Значит. К числу моментов, которые никогда не мог понять я, и могу только поделиться с вами своими сомнениями, – относится искрометный необыкновенный юмор великого классика русской литературы – Николая Васильевича Гоголя. …Когда-то я прочитал у Хемингуэя, что он, Хемингуэй, прочитал «Записки Пиквикского клуба» Диккенса, и в том случае, если это смешная книга, то значит у него, у Хемингуэя, нет ни капли юмора. Я не хочу уподобить себя Хемингуэю, а Гоголя – Диккенсу, но. Если Гоголь смешон, значит, у меня с юмором плохо. Никогда не мог я заставить себя улыбнуться над Гоголем. Напротив, всегда это казалось мне достаточно тяжеловесным, и каким-то даже не очень высокопробным. Этот юмор представлялся мне, простите меня великодушно, тупым. Возможно, тупой я сам, даже вероятнее тупой я сам, но по-моему этот юмор все-таки тупой.

И еще одно. Понимаете, Гоголь и Лермонтов писали настолько по-разному, настолько разным языком, с разными интонациями, а кроме того, Гоголь и Лермонтов были настолько разными людьми – ничего общего, что я очень сильно сомневаюсь, что можно одному человеку в одно и то же время любить и Лермонтова, и Гоголя. Что-то тут не получается. Вот эта какая-то внутрилитературная бисексуальность вызывает у меня большое недоверие.

Дело в том, что в России в XIX веке уже сформировались как бы два народа: высший класс – дворянство, которые говорили более по-французски, чем по-русски, которые одевались так, как одеваются в Европе, которые читали европейскую литературу. И большая часть народа, – которая иначе одевалась, иначе питалась, иначе себя вела, имела иные представления о правилах хорошего тона и о хамстве, – а кроме того, говорила иным языком.

И если Лермонтов был, пожалуй, первым в русской литературе, кто стал писать по-французски на русском языке, потому что в «Герое нашего времени» сплошь и рядом французская постановка фразы, французская конструкция, французский синтаксис и французская интонация. А поскольку у Лермонтова было очень-очень хорошо со словесным и музыкальным слухом, то проза у него – совершенно замечательная. Но после Лермонтова никто уже в XIX веке так в России писать не мог.

То вот Гоголь писал совсем другим, таким вот простым языком, который не имел никакого отношения ни к чему французскому, зато имел некоторое отношение к тяжеловесной немецкой грамматике, внедренной по указу государя императора Петра Великого Алексеевича в школах, даже в начальных училищах преподавали эти основы, и это был немного германизированный по конструкциям, тяжеловесный и неловкий просторечный русский язык. Тяжеловатый язык, который в общем и целом канул в Лету, потому что в культурную традицию вошел все-таки верхний, культурный, интеллигентский, дворянский отфранцузский язык.

Вот поэтому, я думаю, читать Гоголя очень тяжело, и юмор – был в нем? – могут почувствовать совсем, совсем не все. Так что, если вам будет совсем не смешно над «Вечерами на хуторе близ Диканьки» или над чем-либо еще, не надо огорчаться. А если кто-то из вас прочтет, что заходит молодой Гоголь в типографию, а там наборщики хохочут, просто работать не могут – это они читают «Вечера на хуторе близ Диканьки», – ну так это он сам распространял такой слух, пытаясь кокетничать в том роде, что, видимо, надо мной только простолюдины и смеются. Ну как-то образованные классы меньше немного смеялись, и не тот язык, понимаете.

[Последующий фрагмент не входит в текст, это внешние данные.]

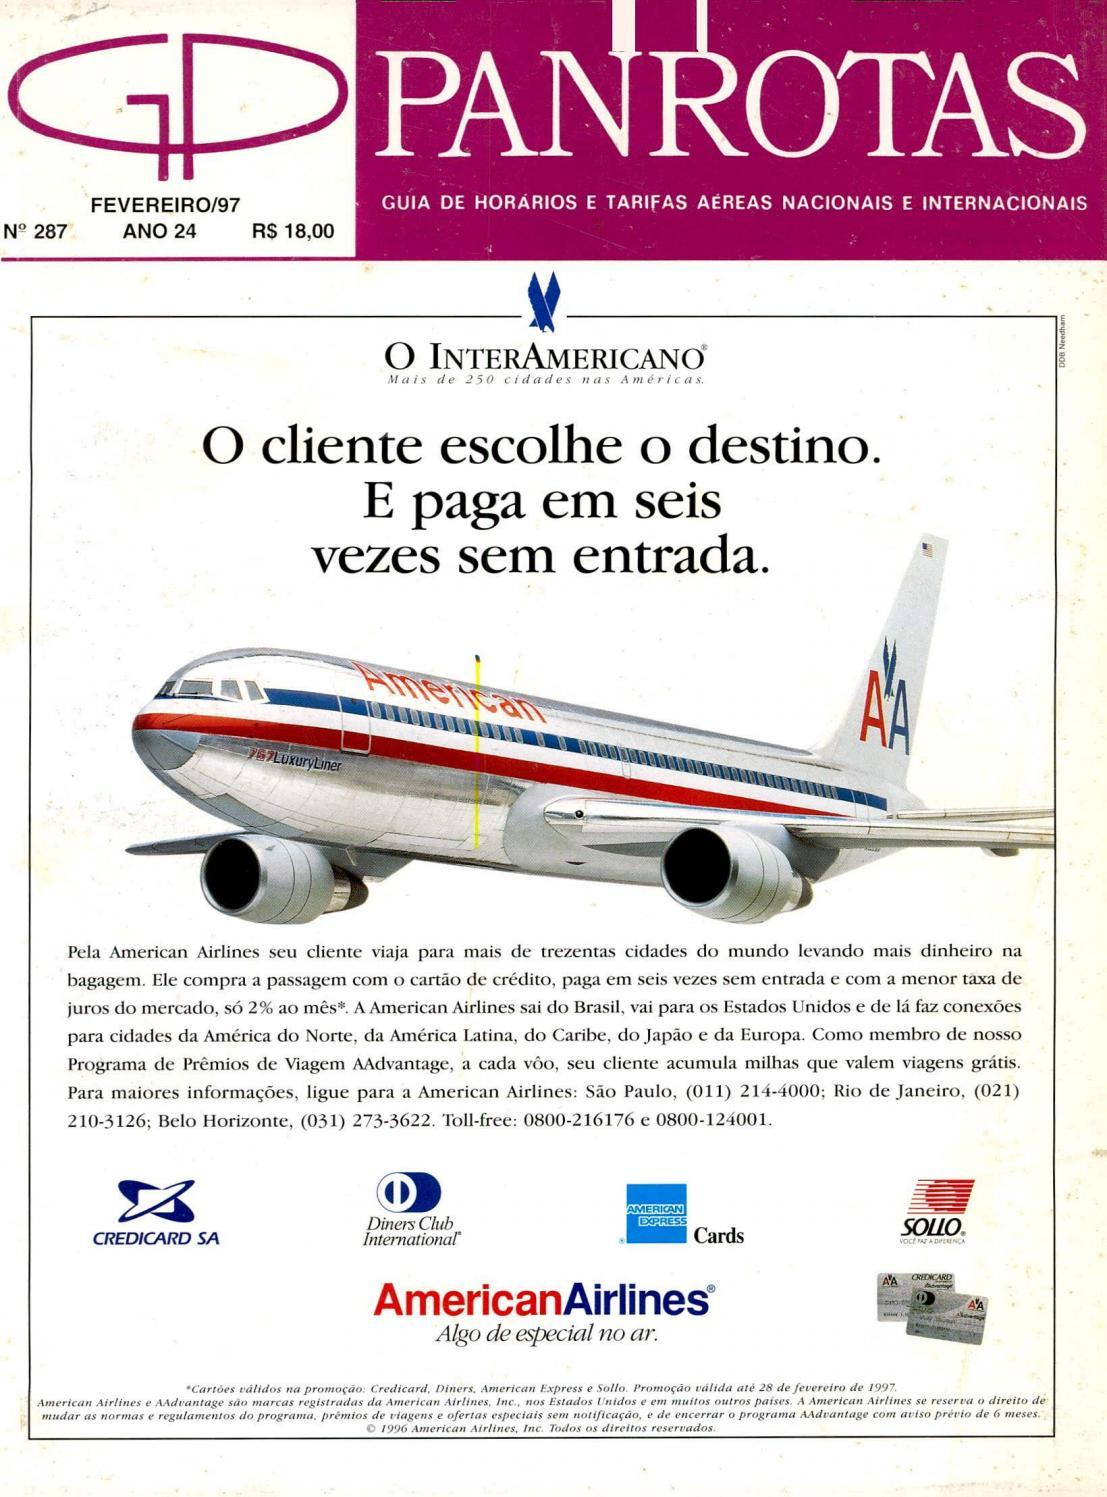 6c48ed2dc30c7 Guia PANROTAS - Edição 287 - Fevereiro 1997 by PANROTAS Editora - issuu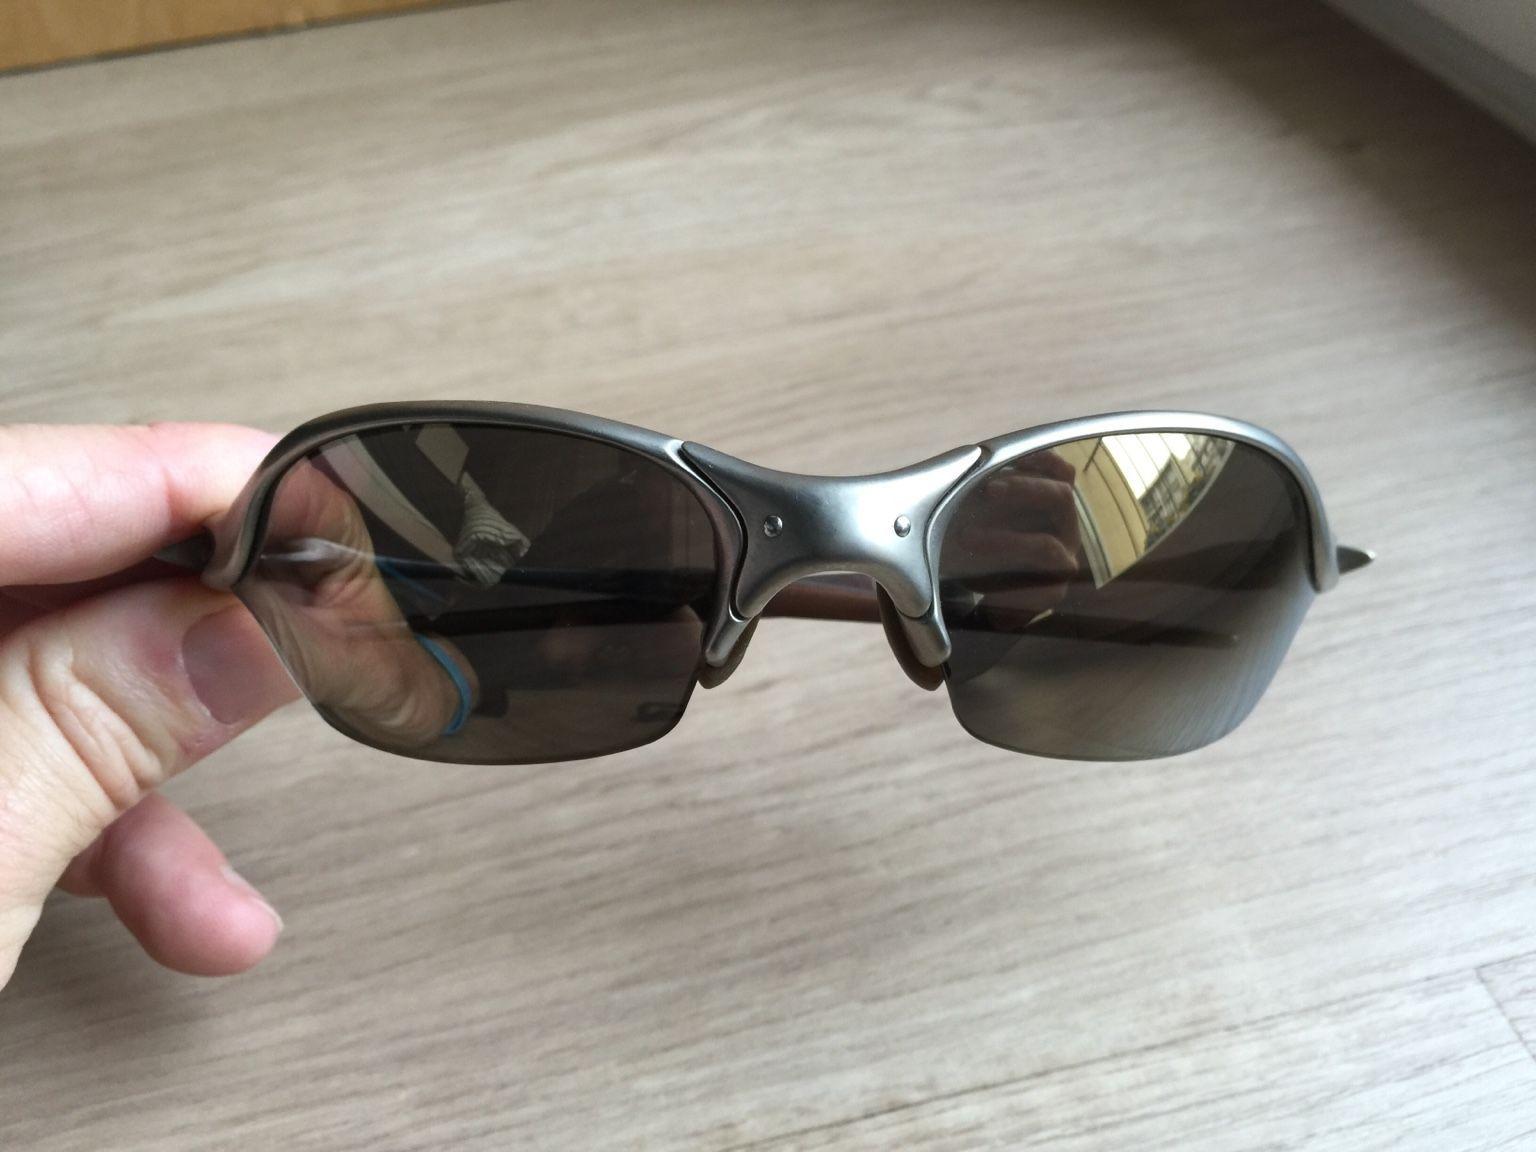 Plasma (?) Romeo 2 for sale - Sold! - 7fcf1b663e62d109a0e8a07a3b58195e.jpg

Дальше этот язык очень интересно скажется у Островского и Чехова. Но до этого несколько слов о других.

Я не знаю, насколько сейчас среди людей сравнительно молодых известен некогда знаменитый русский советский писатель – Константин Георгиевич Паустовский. Еще в 70-е годы он был весьма знаменит. Можно спорить о том, был ли он действительно писателем большим, но стилистом он был, разумеется, прекрасным, и русскому у Паустовского можно было учиться. Среди многих-многих я тоже пытался учиться чему мог.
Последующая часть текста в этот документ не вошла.